10. Pitohuis, the Poison Birds of New Guinea
A bird is the last thing to come to mind when we think of poisonous animals, but the different species of Pitohui from New Guinea are toxic feathered beauties from the rainforest, to be approached with great care. A poisonous bird: What will they think of next? Native to the rainforest environments of New Guinea, the Hooded Pitohui is correctly termed as a poisonous species, rather than a venomous species as a highly dangerous batrachotoxin is present throughout the bird’s feathers, skin and flesh. The bird’s toxicity became apparent in 1989 when a California Academy of Sciences based researcher named Jack Dumbacher who had set out to study birds of paradise in Papua New Guinea noticed burning pain in his hands when scratched by the peculiar Pitohuis caught in nets originally intended to catch birds of paradise for closer inspection.
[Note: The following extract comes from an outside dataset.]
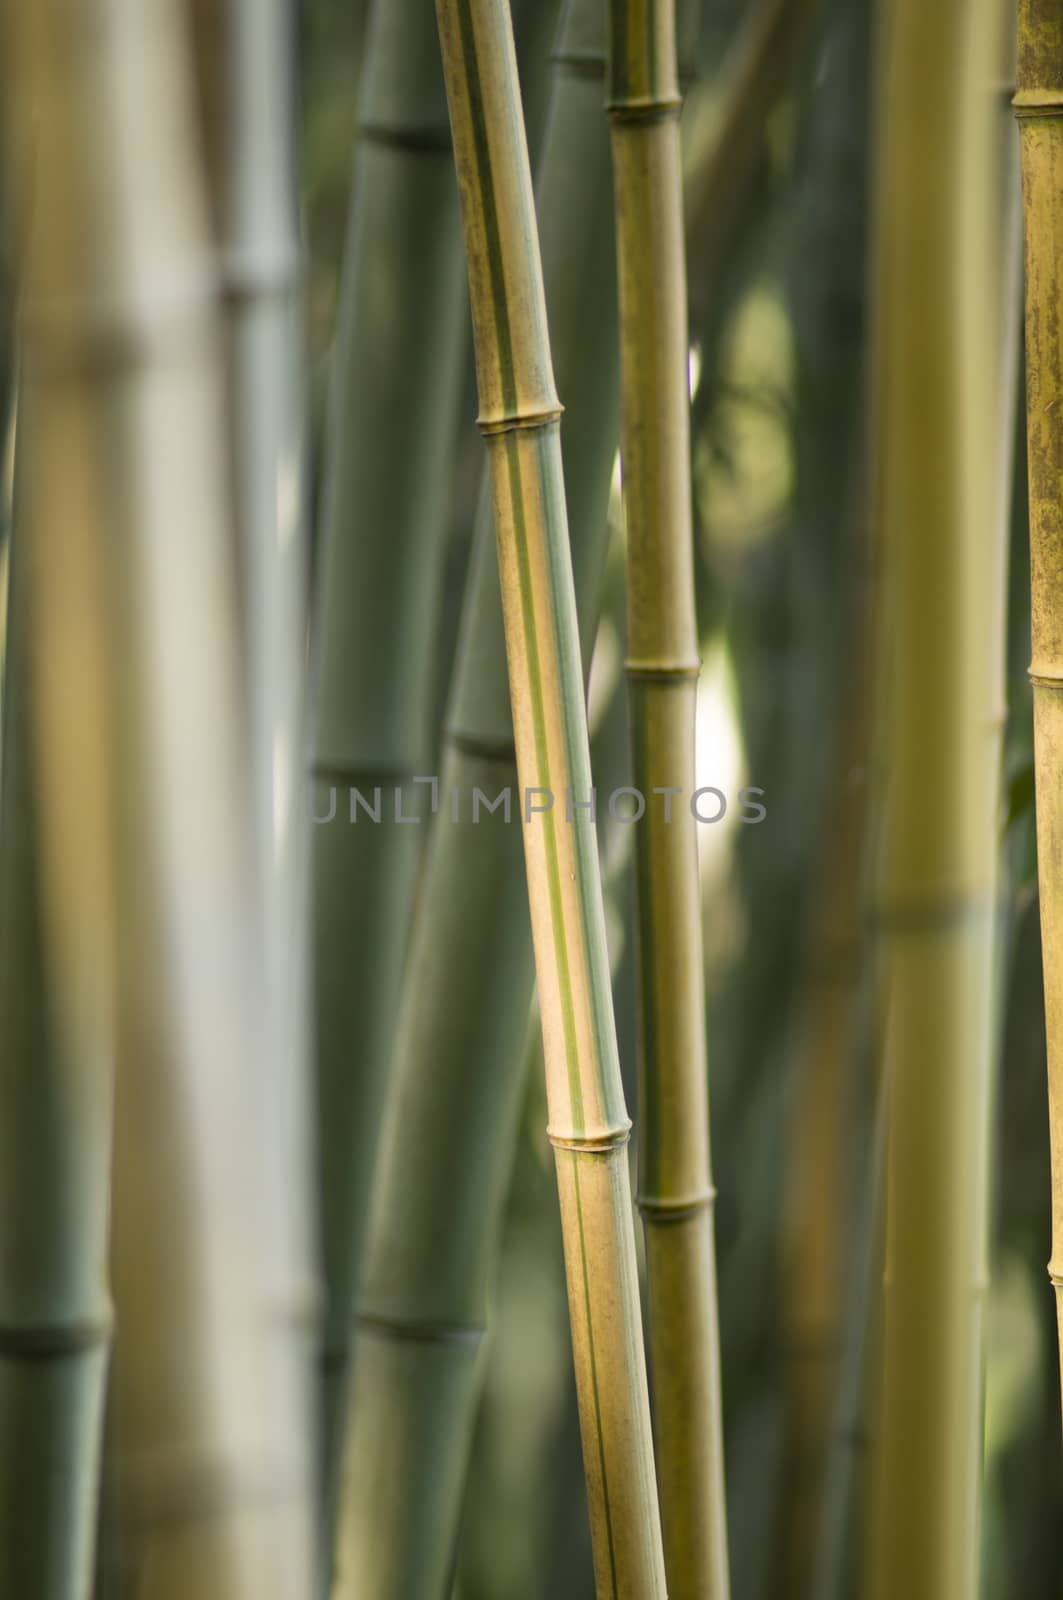 Green and brown Bamboo detail with side sun light
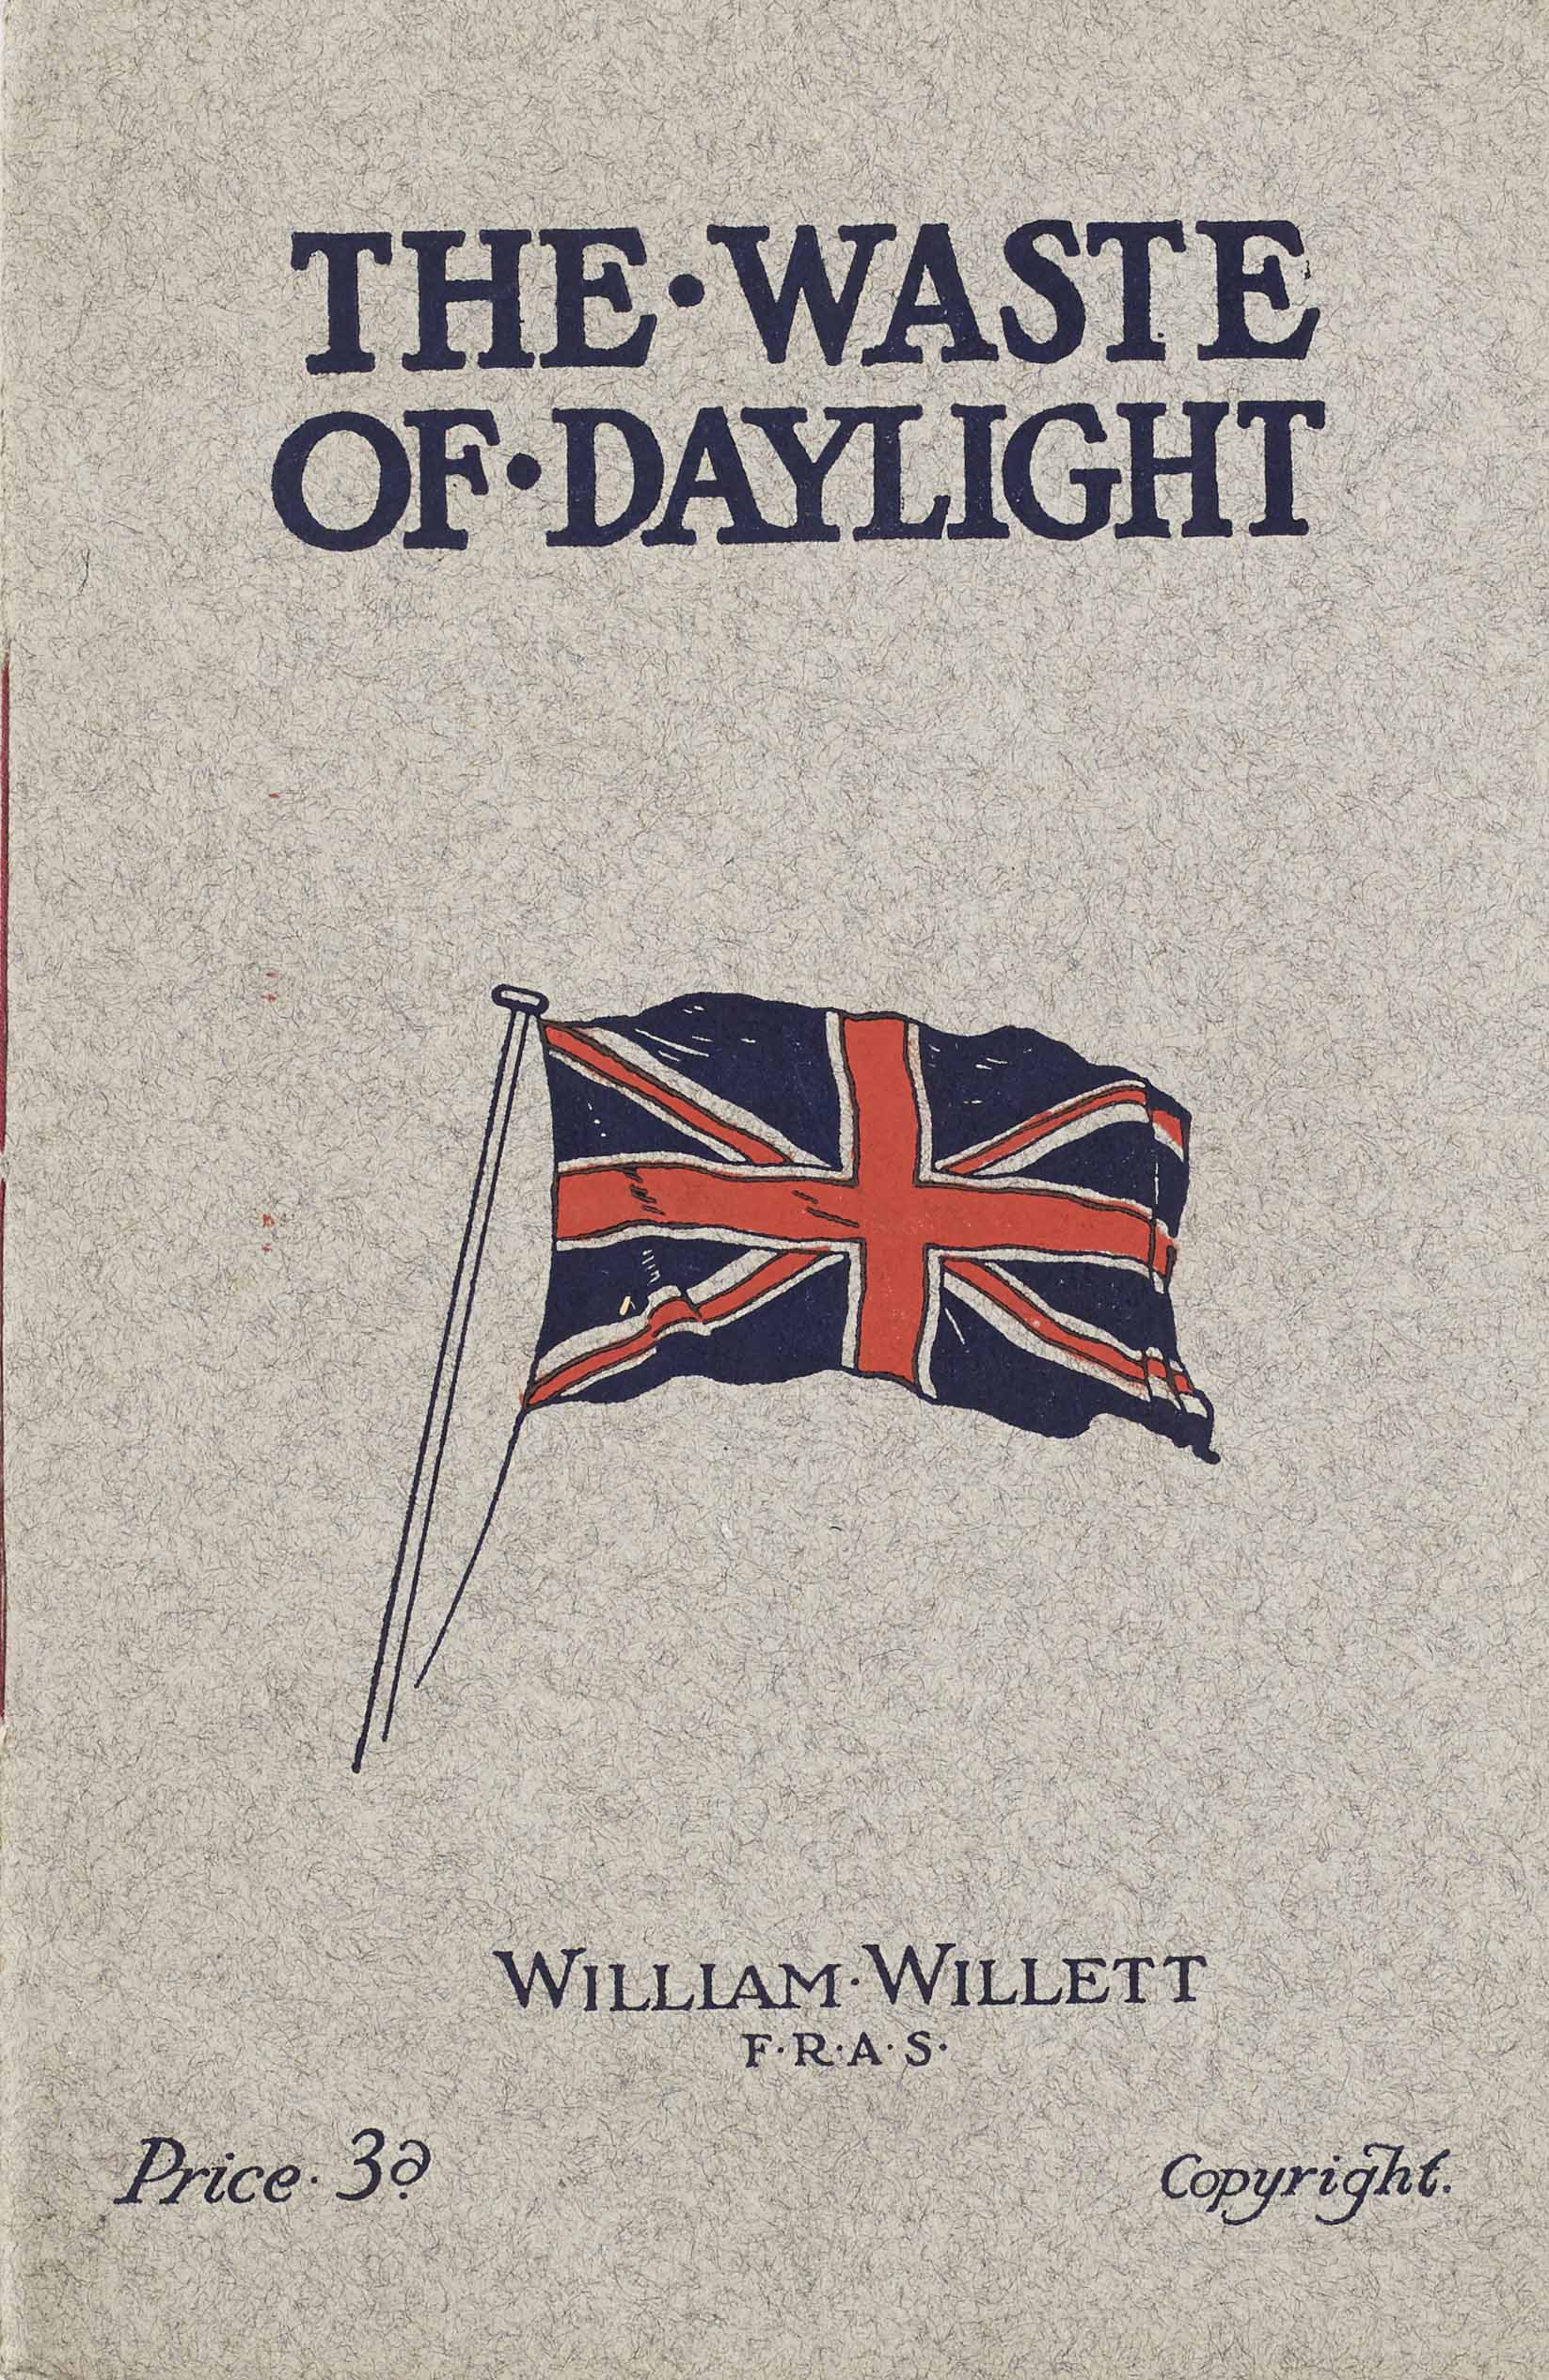 Front cover of “Daylight Saving Bill” pamphlet. Builder William Willett made the case for Daylight Saving in 1909, and it was implemented in the UK 1916 – we have been changing our clocks each spring and autumn ever since. From the Whitby Museum Manuscripts collection.

The toxins that make up the chemical arsenal of these birds are in fact the same lethal compounds found in poison dart frogs notorious for being capable of killing predators and humans alike. Exactly why the birds possess this toxicity remains a matter of scientific interest, with associated speculation that the bright colors of these birds warns potential predators of their chemical laden bodies. The process by which pitohui toxins concentrate also formed a subject of scientific curiosity that was solved by Dumbacher when he went back to the rainforest and in collaboration with locals was able to determine that the source of the toxins consisted of poison-bearing beetles that the birds consumed in quantity.
9. Ocean Lizards
Lizards represent the hot desert in the minds of most people to a great degree, or at least a sunny, perhaps dusty garden path or tree trunk in a warm tropical jungle. Yet, a member of this vast and diverse group of small dinosaur lookalikes has done the unimaginable and become marine, basking on wave splashed rocks and foraging under the surf. Native to the Galapagos Islands and surrounding waters, the large and colorful Marine Iguana is a lizard that has mastered the sea, hauling out on rocks like a sea lion in between dives below the waves, where they forage on marine algae and seaweeds chewed off the surface of submerged rocks.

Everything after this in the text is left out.